Atualmente tudo se parece. Em se tratando de arte, o caso se torna ainda mais grave. Quando foge da mesmice, o artista descamba para a bizarrice. A poesia brasileira é o cenário ideal para a proliferação desse maligno inseto: o poetastro. Contra tal ainda não inventaram veneno. Aparentados com cascudas baratas obscuras fazem da poesia brasileira uma das cinco piores do mundo. Sua movimentação acontece sempre em volta do próprio umbigo, repetitivos, cansativos, arrogantes e pretensiosos. Seu similar é o chato (Pthirus pubis).
A arte, ofendido leitor, exige uma concepção rigorosa. Do contrário, as pragas tomarão conta. As exceções, sempre tem esse parêntese, só fazem confirmar a regra. Aos olhos do leitor despreparado valem o mesmo que as baratas poéticas. A poesia brasileira é uma desgraça. Salvam-se, e bem, Luís Augusto Cassas, Ferreira Gullar, Anibal Beça, Fabricio Carpinejar, Tanussi Cardoso, Mariana Ianelli, Gabriel Nascente, Astrid Cabral, Carlos Nejar e Luiz Bacelar. Acabou? Não, tem mais um: Rodrigo Petronio.
O grau de erudição e sofisticação contidos nos poemas de Petronio são complementados com a ausência dos tão comuns laivos de pieguice que invadem a catatônica poesia brasileira. Importante dizer que esse “excesso de qualidade” não torna a poesia de Rodrigo Petronio inacessível ao leitor médio.
O autor coloca o homem, mais precisamente a condição humana, no centro de sua poética e curiosamente se afasta do senso comum que enfadonhamente descreve o ser humano sem a perspectiva do futuro. Petronio não esconde a realidade, muito pelo contrário, parte dela para a luta imprescindível de viver com poesia.

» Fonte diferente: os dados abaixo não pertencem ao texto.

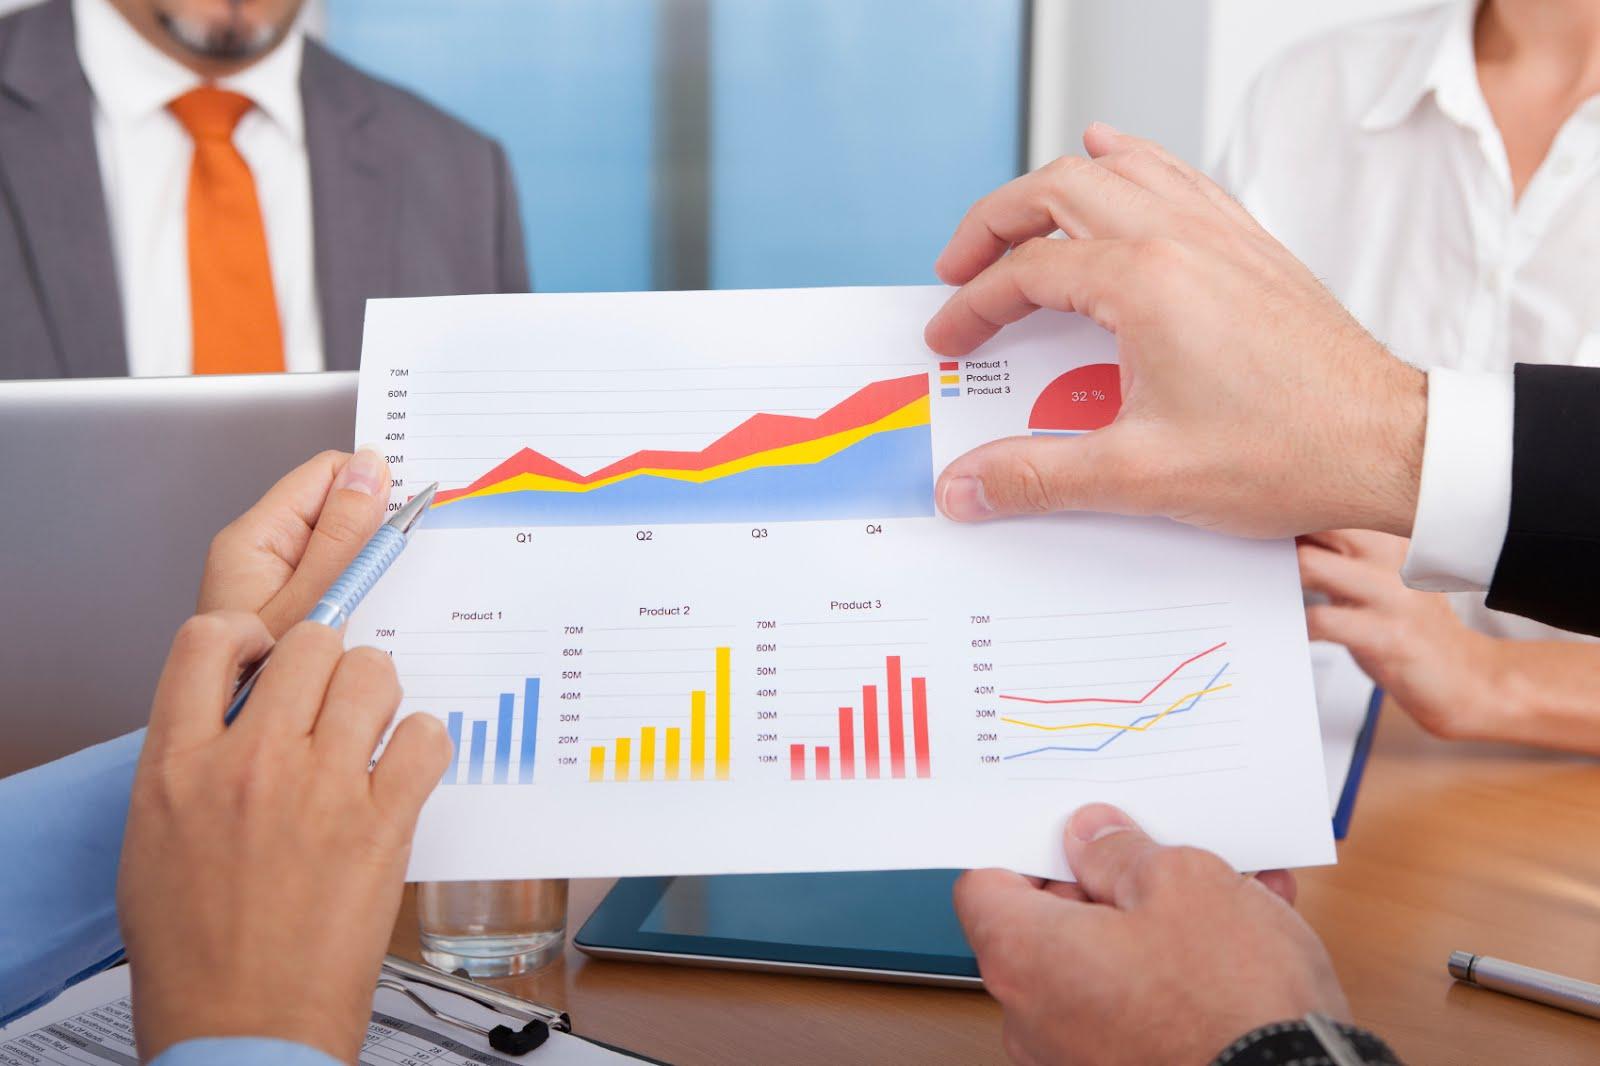 Alcuni esempi pratici dell'uso della business intelligence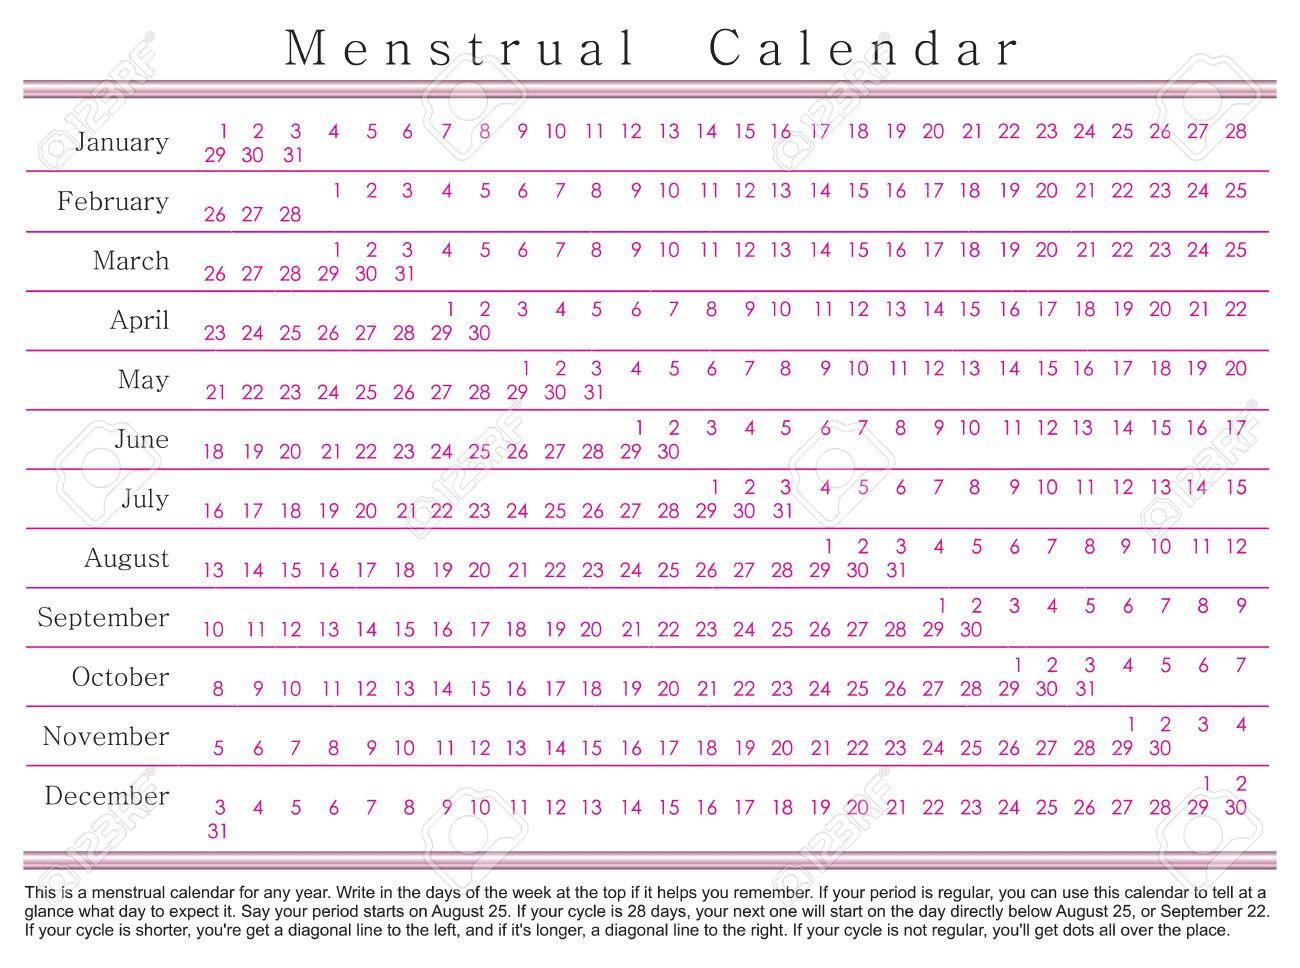 Calendario Delle Mestruazioni.Calendario Mestruale Questo E Un Calendario Mestruale Per Ogni Anno Scrivi Nei Giorni Della Settimana In Alto Se Ti Aiuta A Ricordare

A “realidade futura”.
Em Venho de um país selvagem, Rodrigo Petronio não visa um fazer poético fácil, objetivando o senso comum, não se percebe em seus versos o afã de se tornarem populares e conseqüentemente sucesso de público e vendas. Muito pelo contrário, são versos da mais alta relevância, dignificam a poesia e a condição de poeta.
O leitor identificará um eu lírico com as preocupações mais comezinhas, aquelas que afligem inexoravelmente a condição humana. No entanto, esse eu lírico está usando as vestes da formação do autor, o cabedal de conhecimentos que lhe é vasto e condição sine qua non para uma poesia de profundidade e alto valor literário.
É voz corrente que poesia não vende. Daí pode-se concluir que não faça parte dos gêneros de primeira necessidade do público leitor. Tal estigma é resultado da má qualidade reinante na produção atual de nosso país.
Infelizmente, a miséria cultural que nos assola produziu gerações e mais gerações que aprenderam a confundir realidade com literatura, quanto mais próxima do dia-a-dia, tanto melhor. A verossimilhança ganhou um sinônimo: boletim de ocorrência. A poesia se debate nessa caudalosa confusão, mas não morre. Luta para voltar ao autêntico. Oscar Wilde alertou: “Toda má poesia é sincera”. Mas enquanto a maioria dos ditos poetas se perde inventando o já inventado, os poemas de Rodrigo Petronio habitam a profundidade do ser humano. Lá, onde as coisas não chegam a ser, onde o efêmero se faz doer, onde o agora se desfaz e a vida, mesmo que fraca, resiste frente a aridez da grande metáfora que nos sufoca em seus disfarces de realidade.
Rodrigo Petronio alude ao poema sem a ingenuidade característica dos versejadores que assim costumam exagerar no afã de se tornarem “espirituosos e aceitos”. A metapoesia é oxigenada em versos de intimidade incômoda emprestando ao leitor arroubos da perigosa liberdade dos poetas. Vão muito além, passam pela investigação da origem, da origem da vida, da origem da paixão, em última instância examinam a paixão pela vida. Amor, natureza, morte, solidão e força. O moto-perpétuo! Tudo isso, com o engenho da erudição descomplicada, aquela que não humilha tampouco subestima o leitor.
Venho de um país distante é a faceta “nerudiana”, no que isso possa ter de mais significativo, de Rodrigo Petronio, autor, junto com os outros citados, dono de obra de extrema coerência. Ressalte-se que coerência não significa repetição e Petronio é sempre um poeta em incansável evolução.